▶ Brief:
A word-for-word copy of the listing, free of images, is the expected answer.

(Source material Opens)

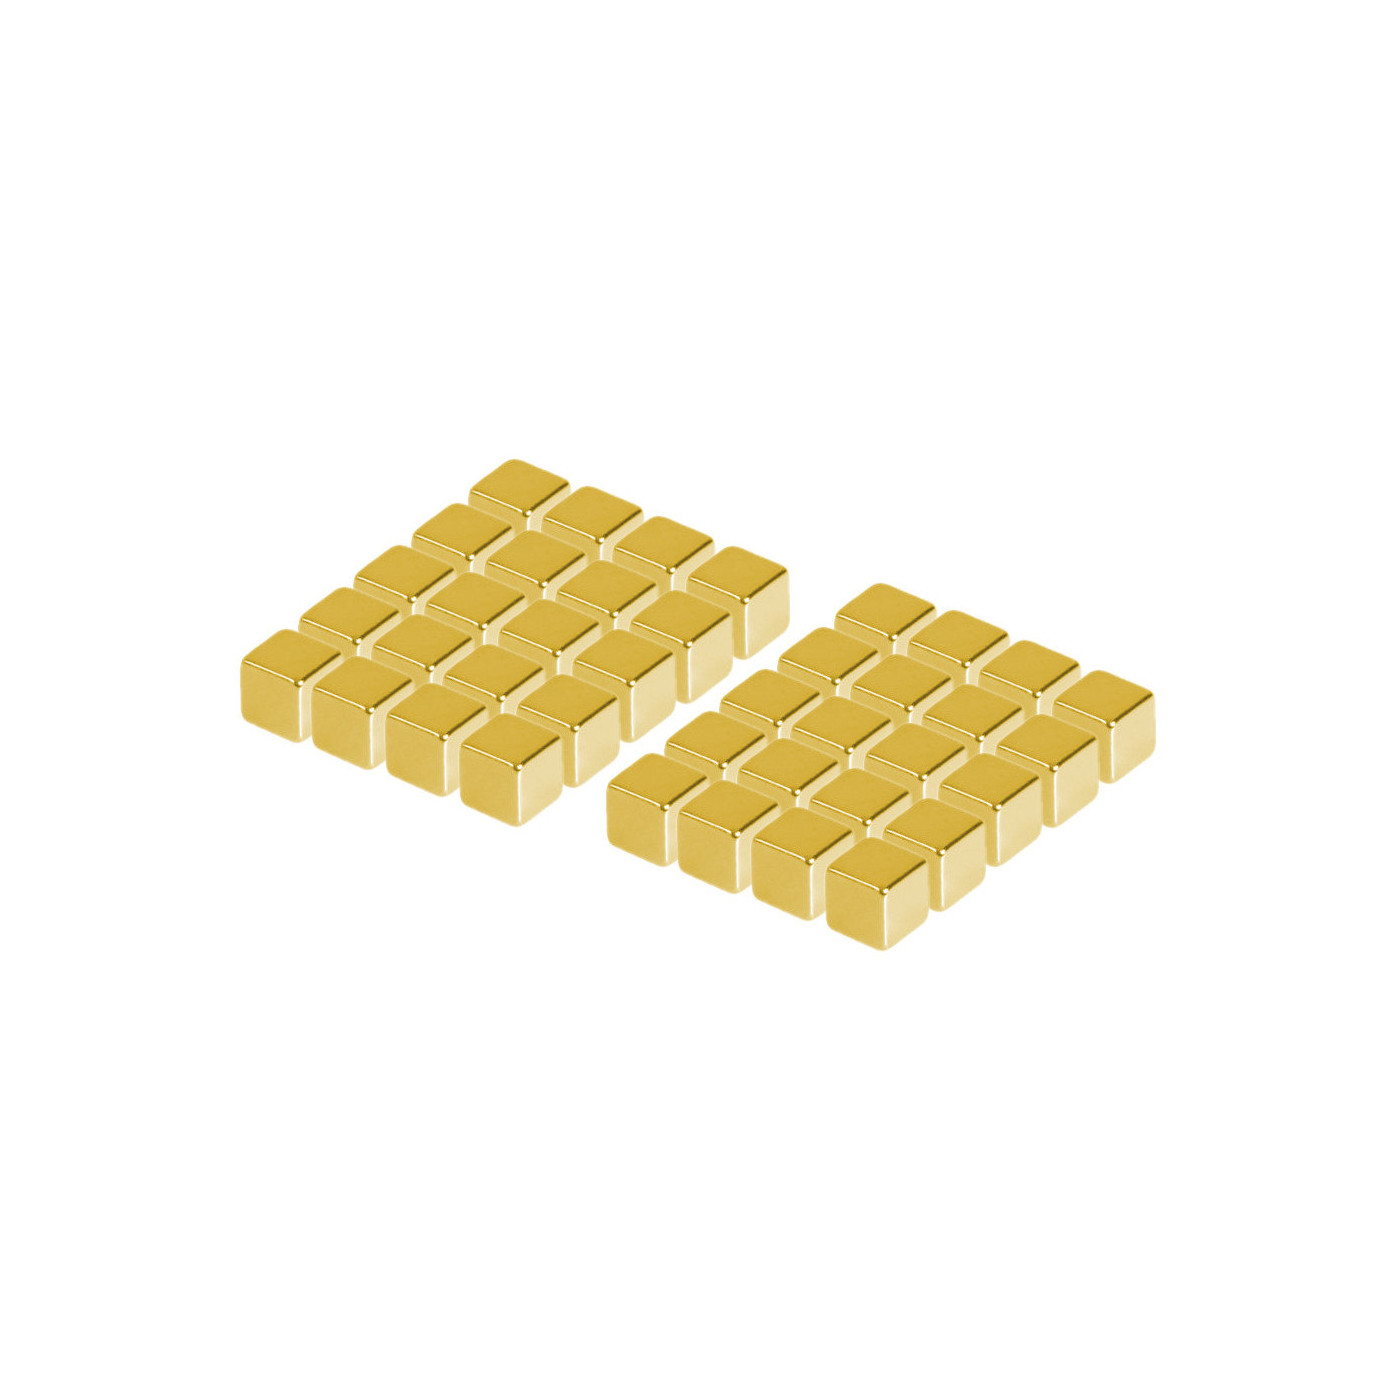 Zestaw 40 silnych magnesów (złoty, sześcian: 5x5x5 mm)  - 1
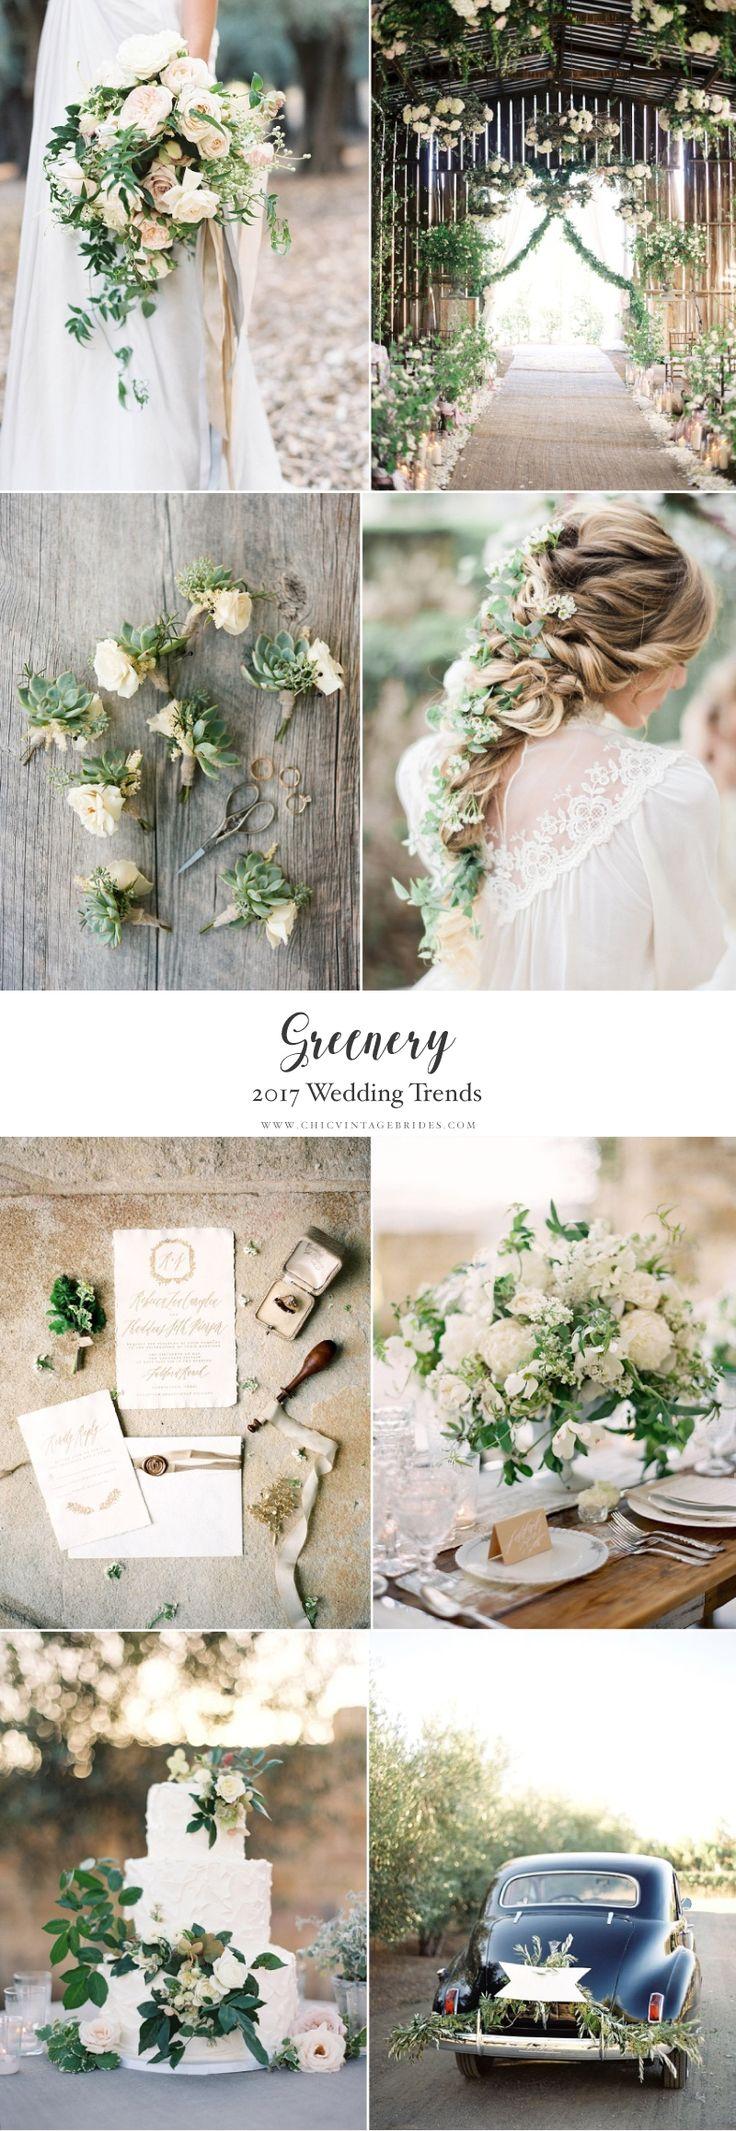 Top Wedding Trends 2017 - Greenery
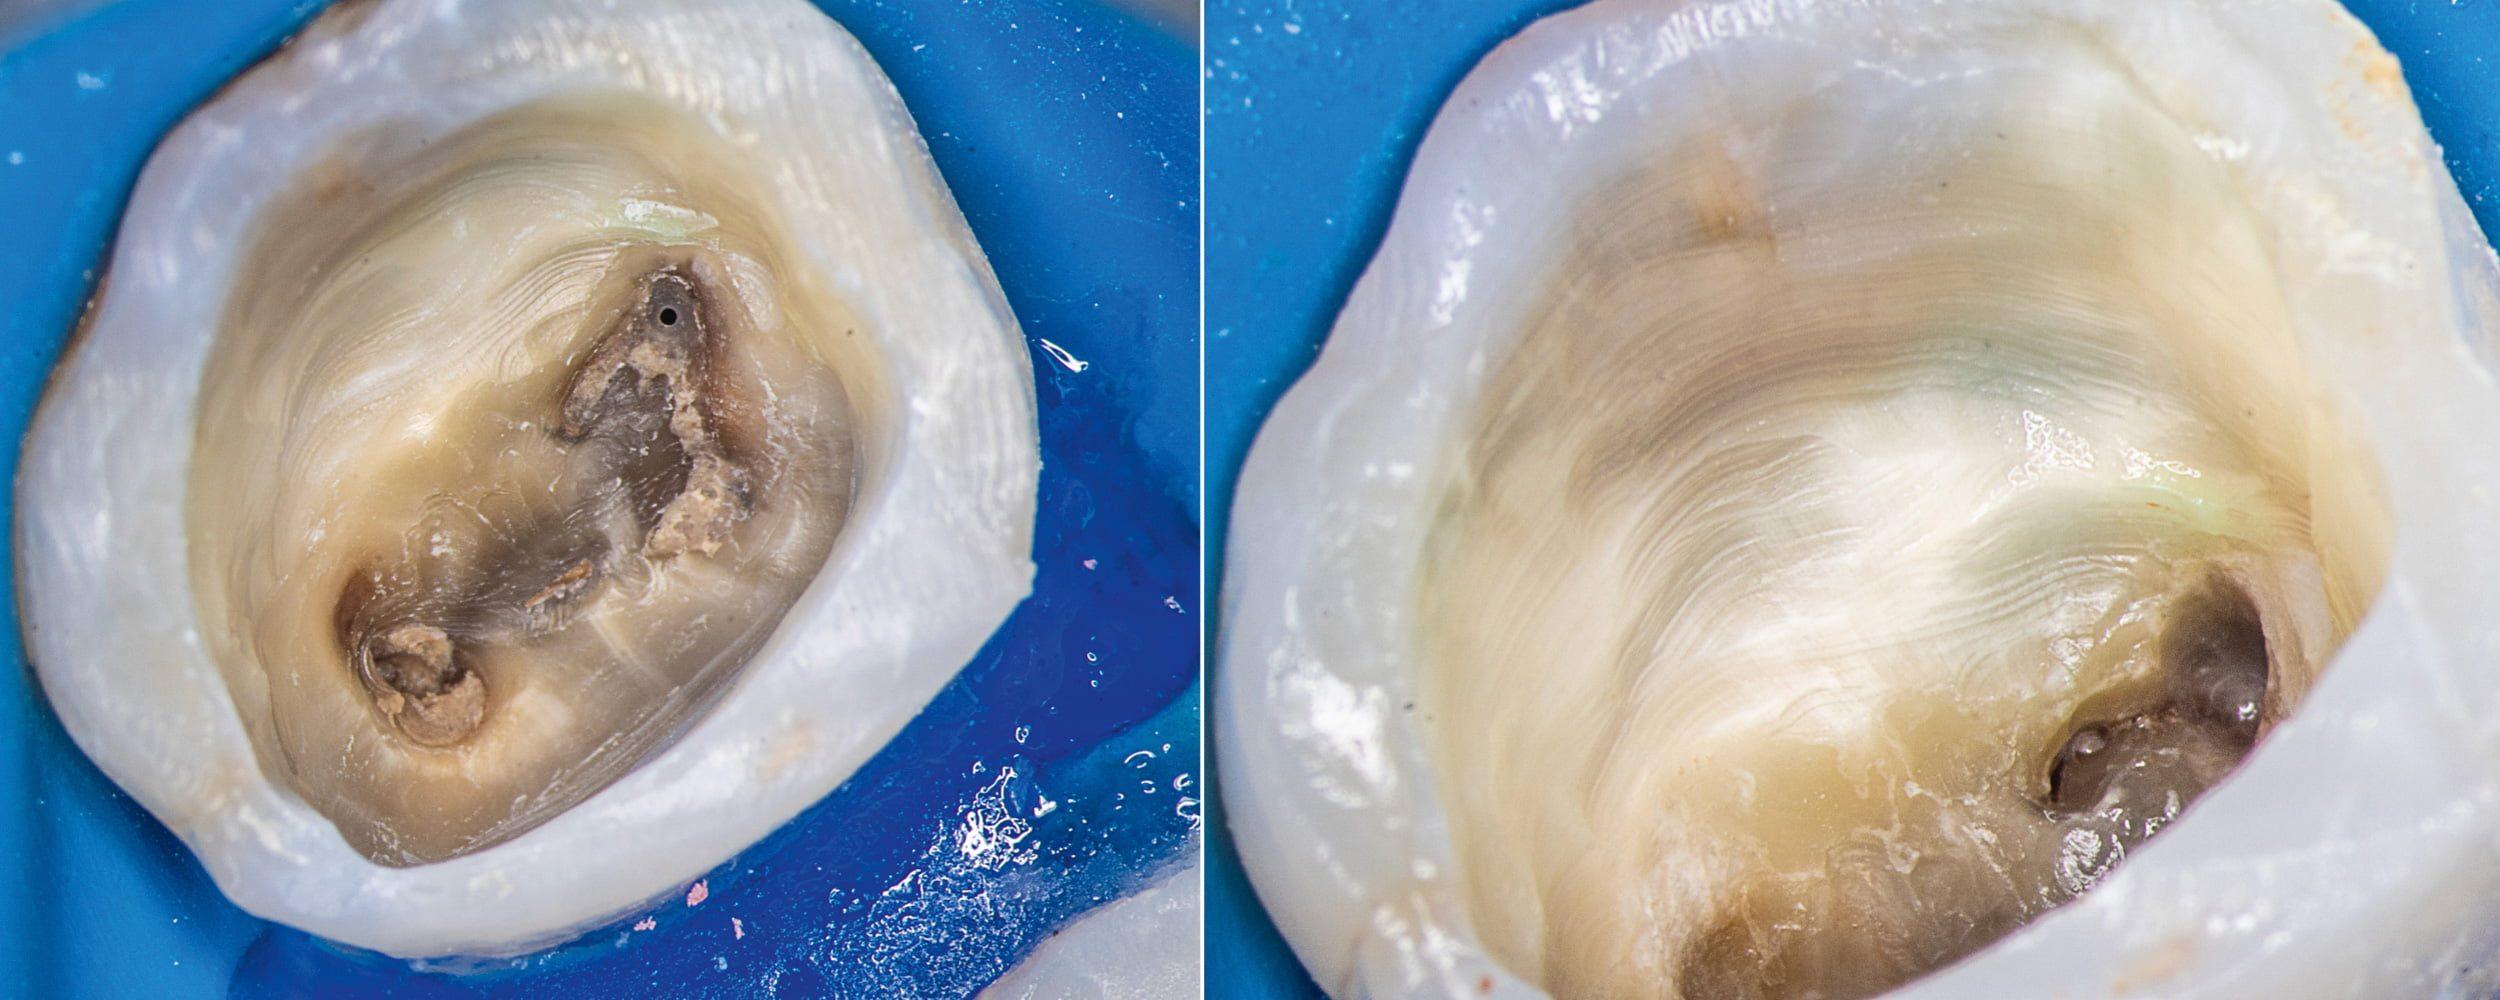 Przypadek 1 | Ryc. 3. Widok komory zęba po usunięciu wypełnienia. Widoczny materiał w ujściach kanałów MB1 i MB2. Po wypłukaniu widoczne ujście kanału MB1 oraz cieśń przy ujściu kanału MB2.

(Source material Closes)

▶ Task solution:
 Zestaw 40 silnych magnesów (złoty, sześcian: 5x5x5 mm)  - 1
 Top Wedding Trends 2017 - Greenery
 Przypadek 1 | Ryc. 3. Widok komory zęba po usunięciu wypełnienia. Widoczny materiał w ujściach kanałów MB1 i MB2. Po wypłukaniu widoczne ujście kanału MB1 oraz cieśń przy ujściu kanału MB2.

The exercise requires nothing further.